I´m trying to implement REINFORCE as described in Sutton

However it doesn´t seem to be learning. Bellow is the code for the train function (using Gymnasium CartPole-v1)

´´´
def train(ep, policy, optimizer, gamma=1):
G = 0
for t in range(len(ep)-1):
st, at, rt = ep[t]
G = rt + gamma * G
pi = torch.log(policy(st)[at]) # My NN last layer is a softmax
loss = -G*pi
optimizer.zero_grad()
loss.backward()
torch.nn.utils.clip_grad_norm_(policy.parameters(), 1.)
optimizer.step()
´´´

What it does is basicaly choose to ways, go for a real bad policy, averaging 10 for the rewards (while a random agente usually scores in the ~20s) or learn a little bit and stay arround 80 avg reward.

First I thought that the policy was changing to abruptly so I inserted the clip_grad_norm_, which increased the amount of time the agent got stucked at the 80ish but didn´t did much else (maybe got stucked in some local minima?)

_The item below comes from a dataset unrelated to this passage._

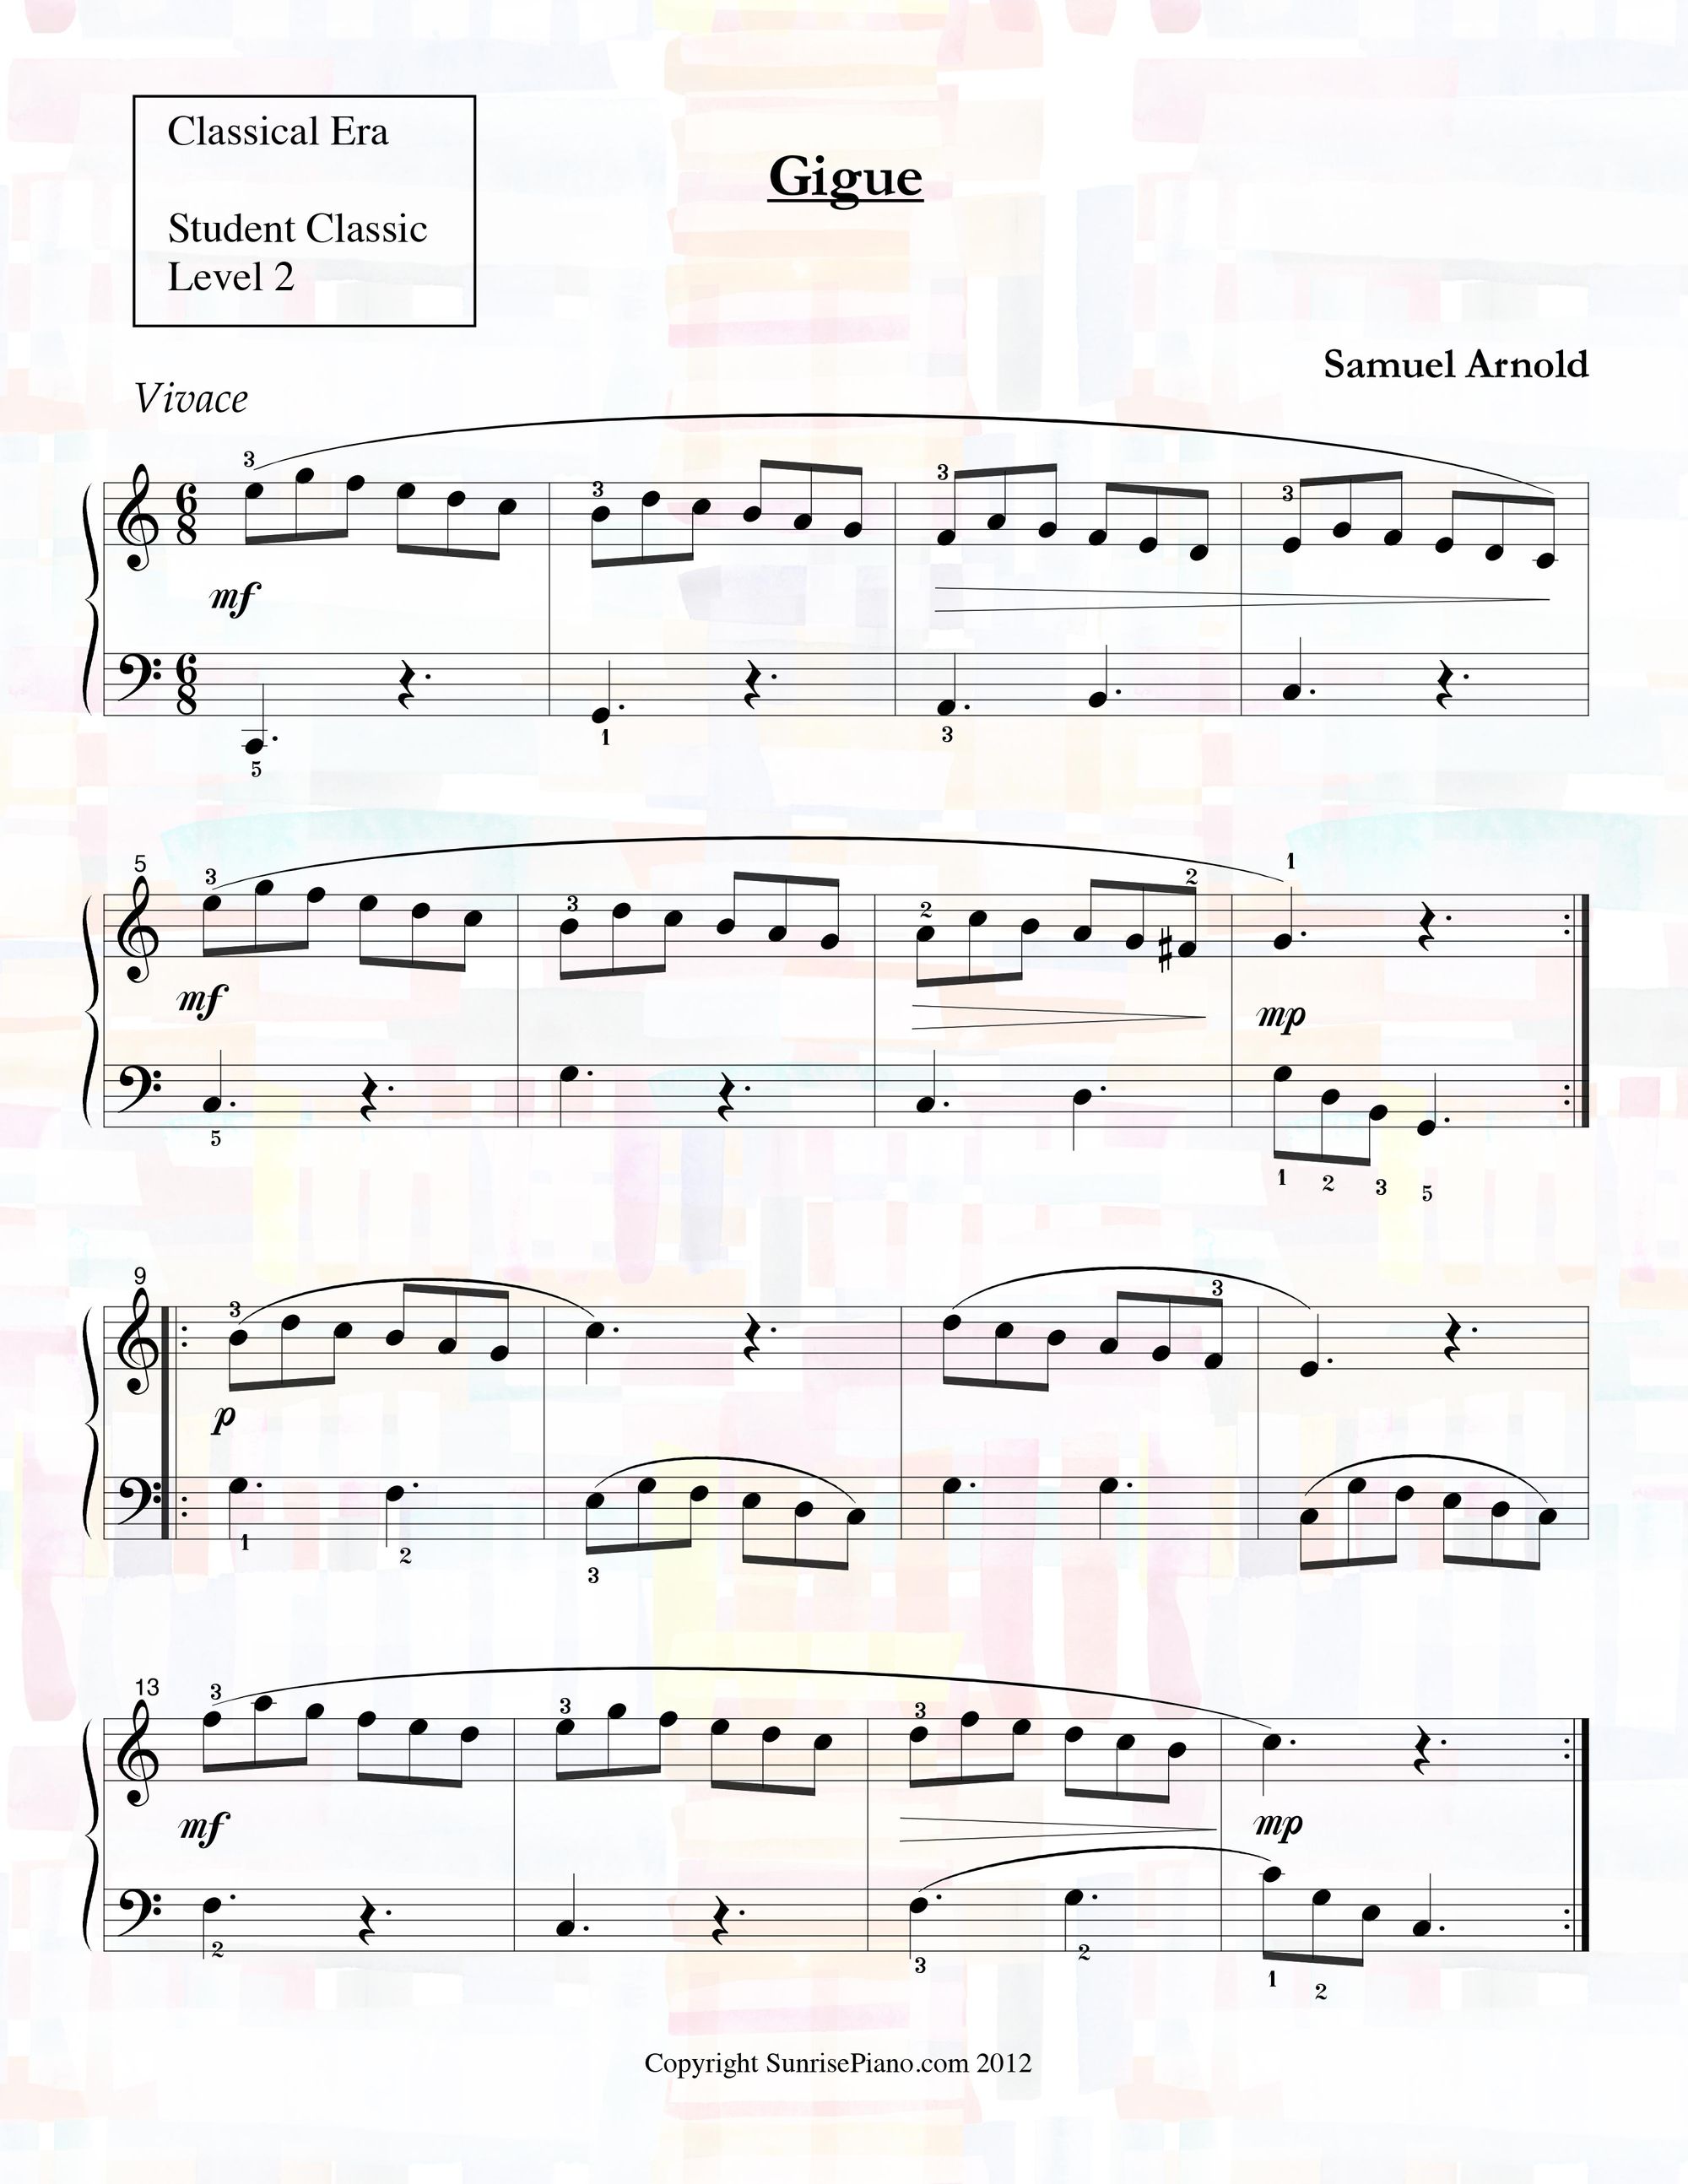 Samuel Arnold - Gigue - Piano Sheet Music

I tried to play with weight initialization, net archetecture but to no avail. I would appreciate if someone could shed light in what maybe the issue.

Not sure this naive version will do the job if the task is hard-ish… You should perhaps use some more evolved algorithm like PPO or a better advantage estimation like GAE.
One thing I spotted in the code is that you seem to be computing the advange starting from t=0 and ending at t=H, but it should be

for t in range(len(traj), -1, -1):
    G = r[t] + gamma * G
1 Like

Not sure this naive version will do the job if the task is hard-ish…

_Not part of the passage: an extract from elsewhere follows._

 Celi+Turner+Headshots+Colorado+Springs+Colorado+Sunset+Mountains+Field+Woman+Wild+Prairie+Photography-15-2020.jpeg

Yeah, I was wondering about that, however I was expecting some sort of “asymptotically” learning instead of the plateau that is happening
train_reinforce
This Is a “good” run (blue lines the reward for each episode the orange is the moving average)

You should perhaps use some more evolved algorithm like PPO or a better advantage estimation like GAE.

I´m trying to implement the algorithms my self to get a better fealling for how things work, PPO is the next one.